__PROBLEM TO WORK ON__
Output, exactly and in full, only the lines from the one containing "Tupac Shakur’s sister, Jada" to the last line of the data. Pictures should not appear.

__AVAILABLE DATA__
BEGIN

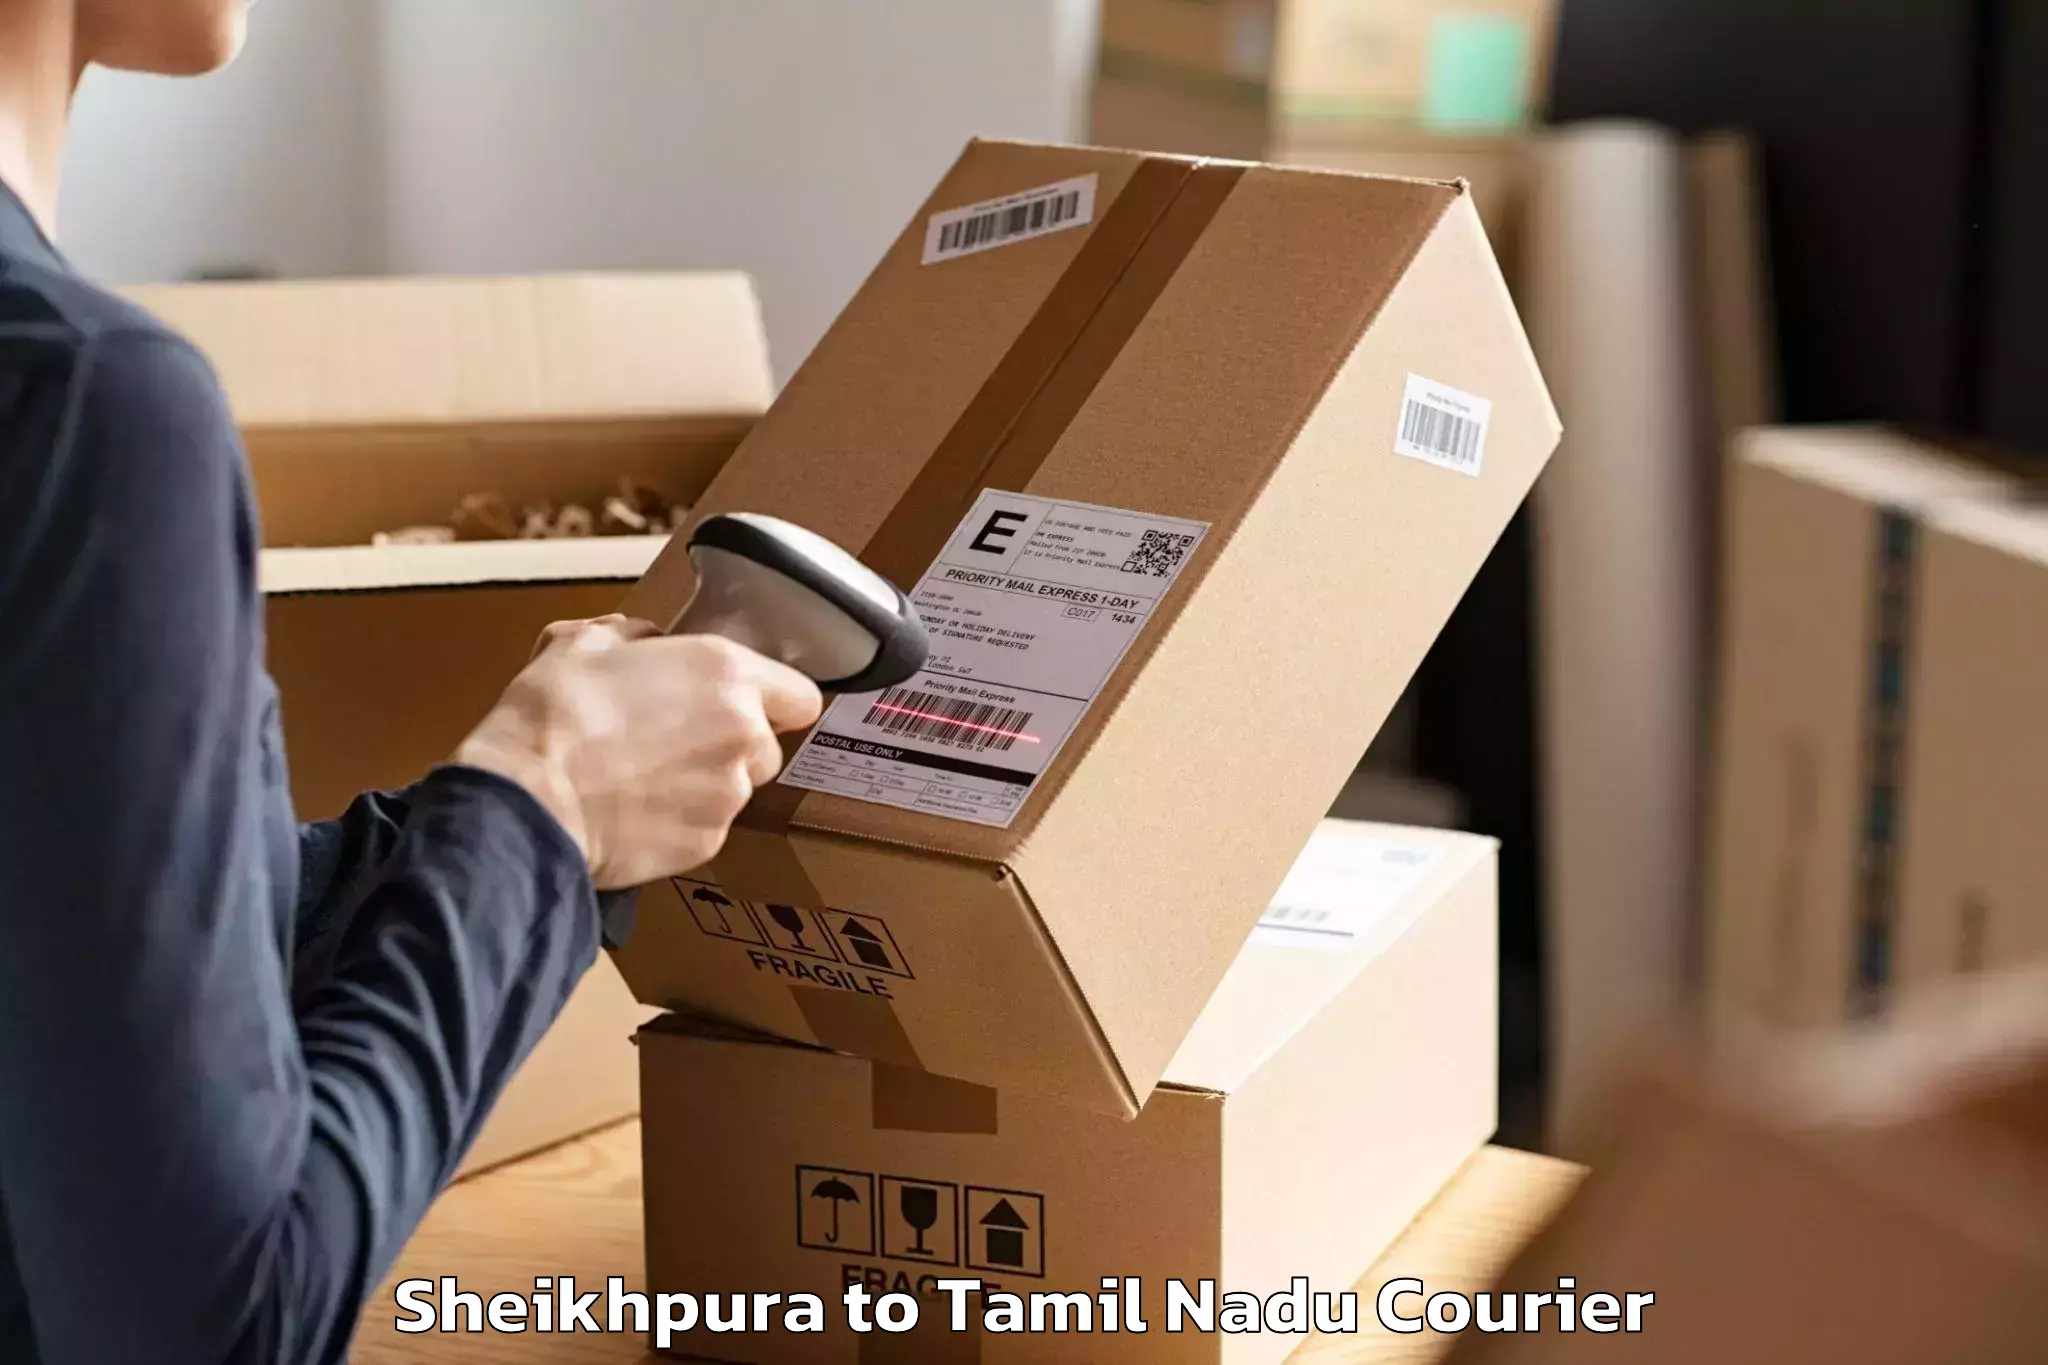 Furniture delivery service Sheikhpura to Chennai Port
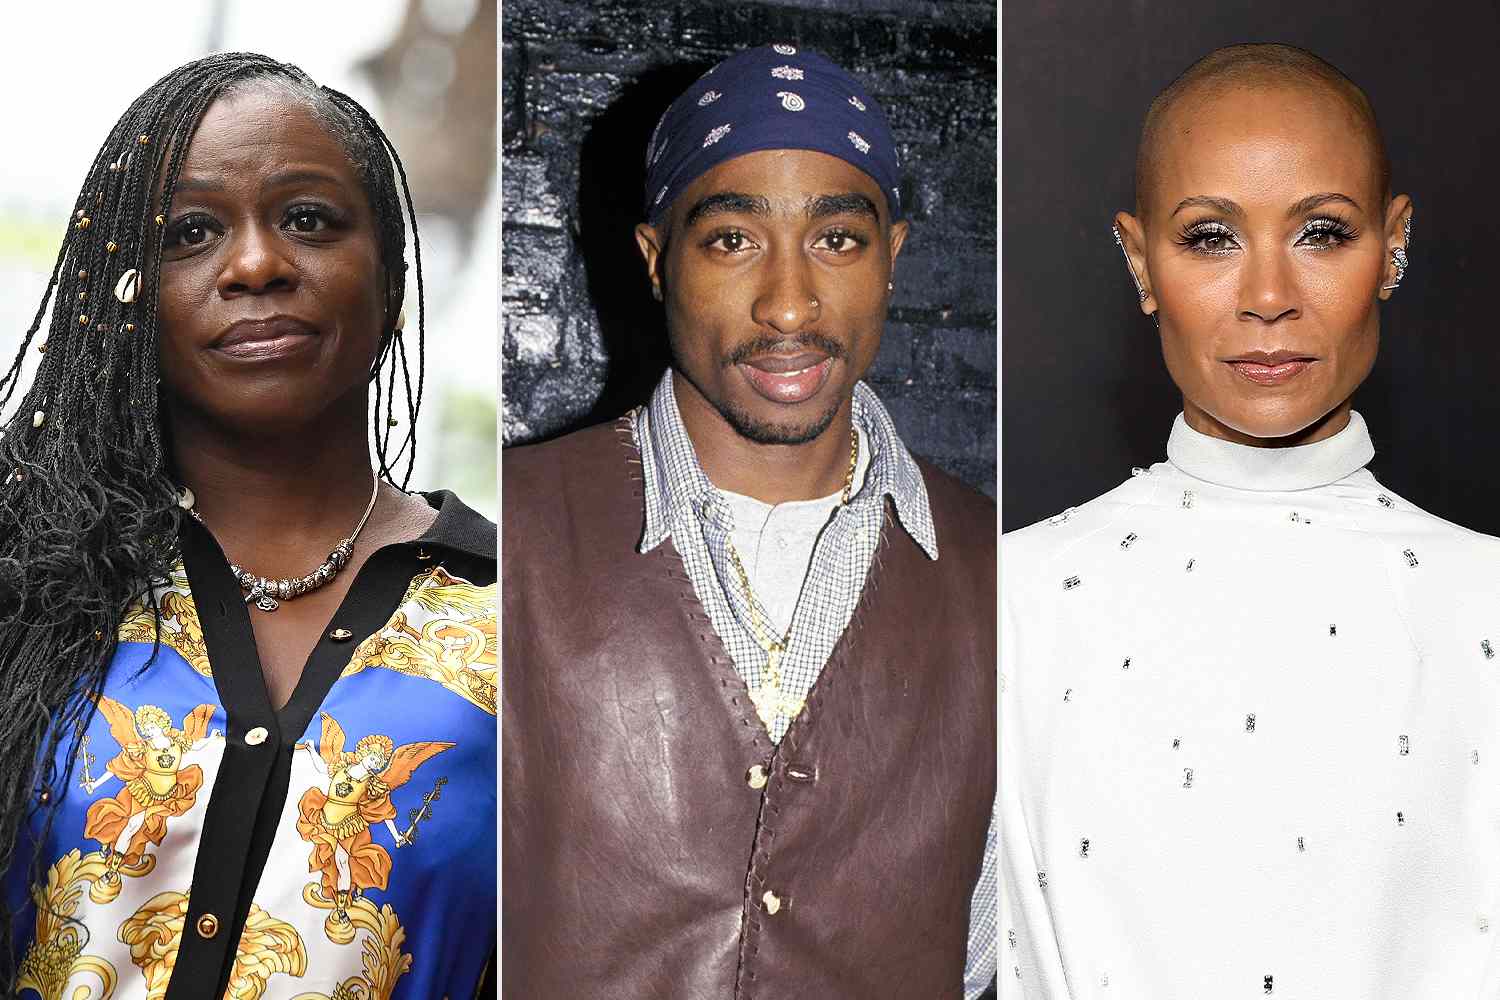 Tupac Shakur’s sister, Jada Pinkett Smith react to suspect arrest
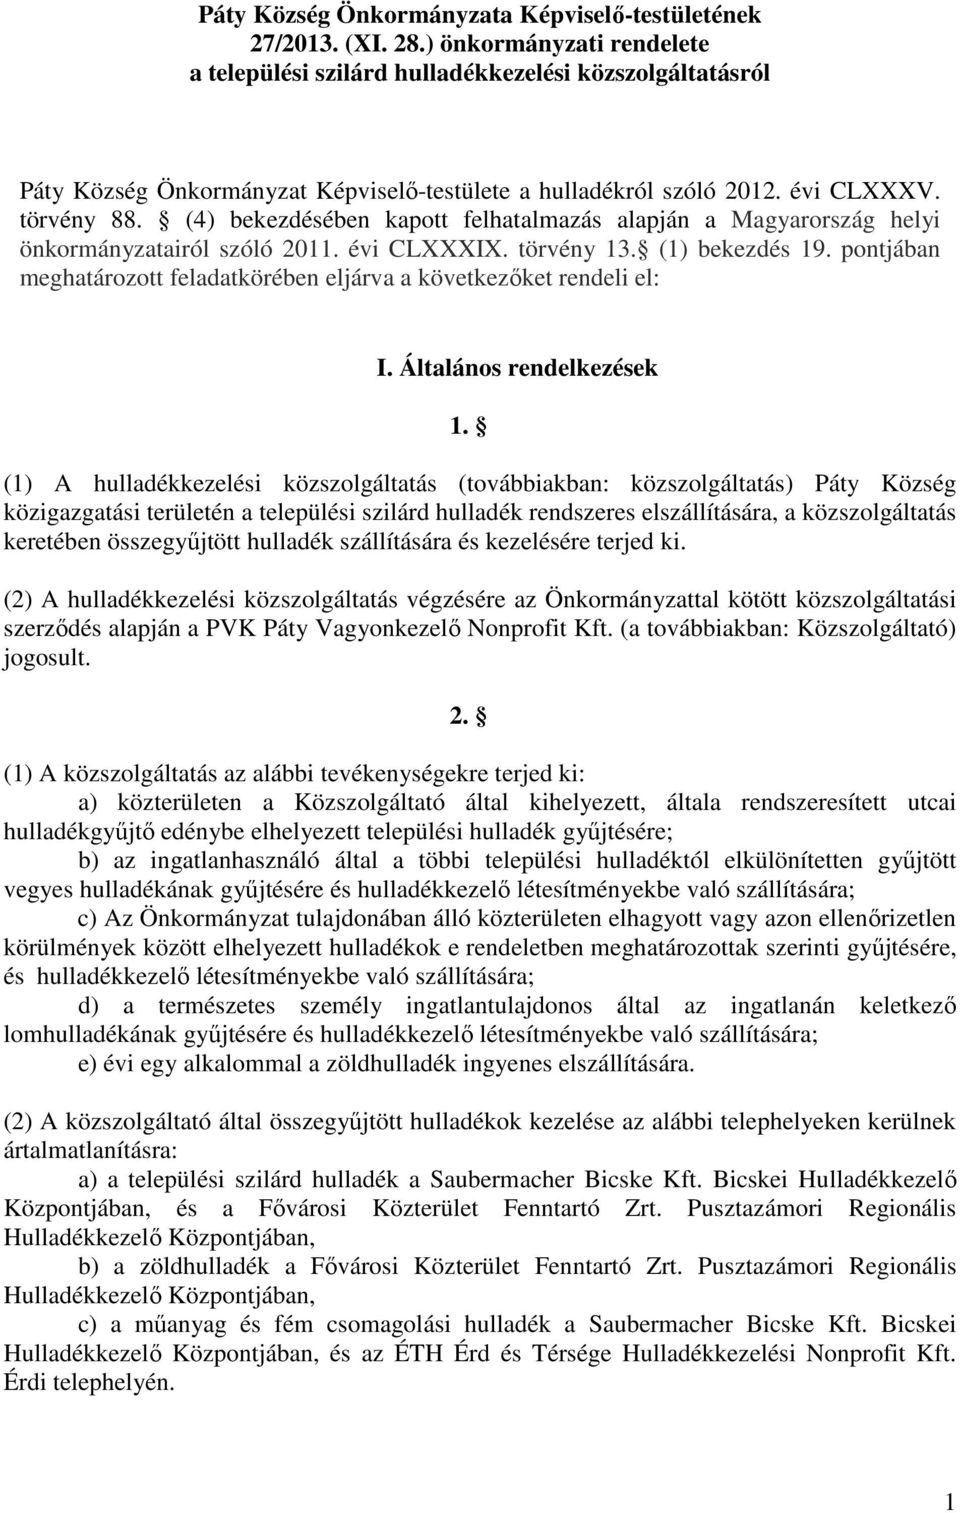 (4) bekezdésében kapott felhatalmazás alapján a Magyarország helyi önkormányzatairól szóló 2011. évi CLXXXIX. törvény 13. (1) bekezdés 19.
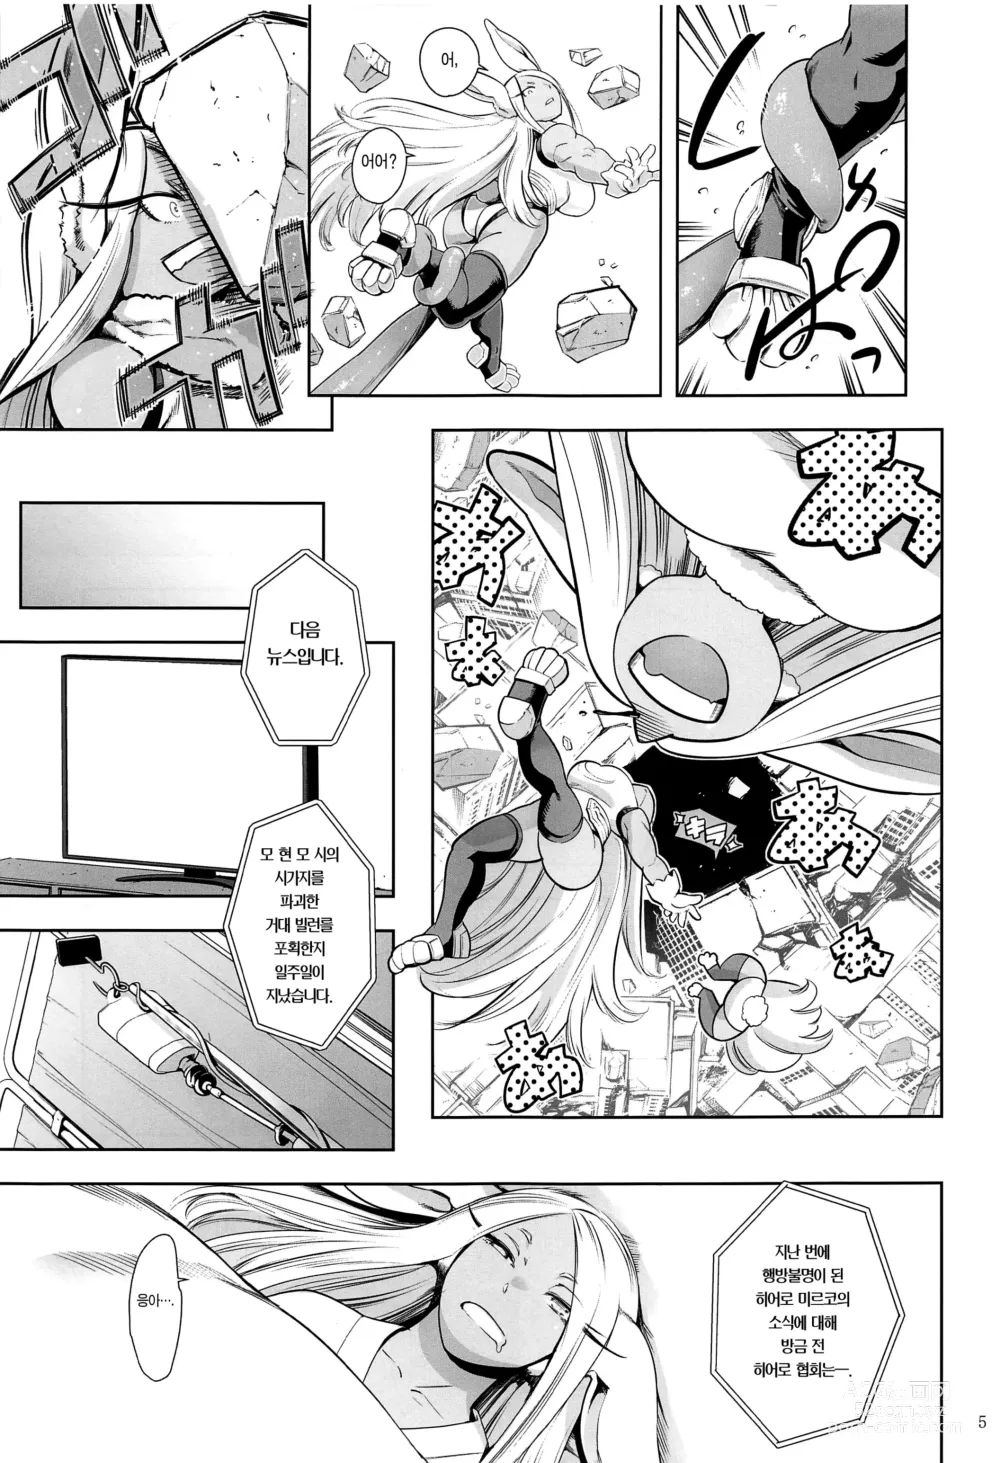 Page 4 of doujinshi 지명은 토끼입니까?

END

__RESPONSE BOX__
 Tupac Shakur’s sister, Jada Pinkett Smith react to suspect arrest
 (4) bekezdésében kapott felhatalmazás alapján a Magyarország helyi önkormányzatairól szóló 2011. évi CLXXXIX. törvény 13. (1) bekezdés 19.
 Page 4 of doujinshi 지명은 토끼입니까?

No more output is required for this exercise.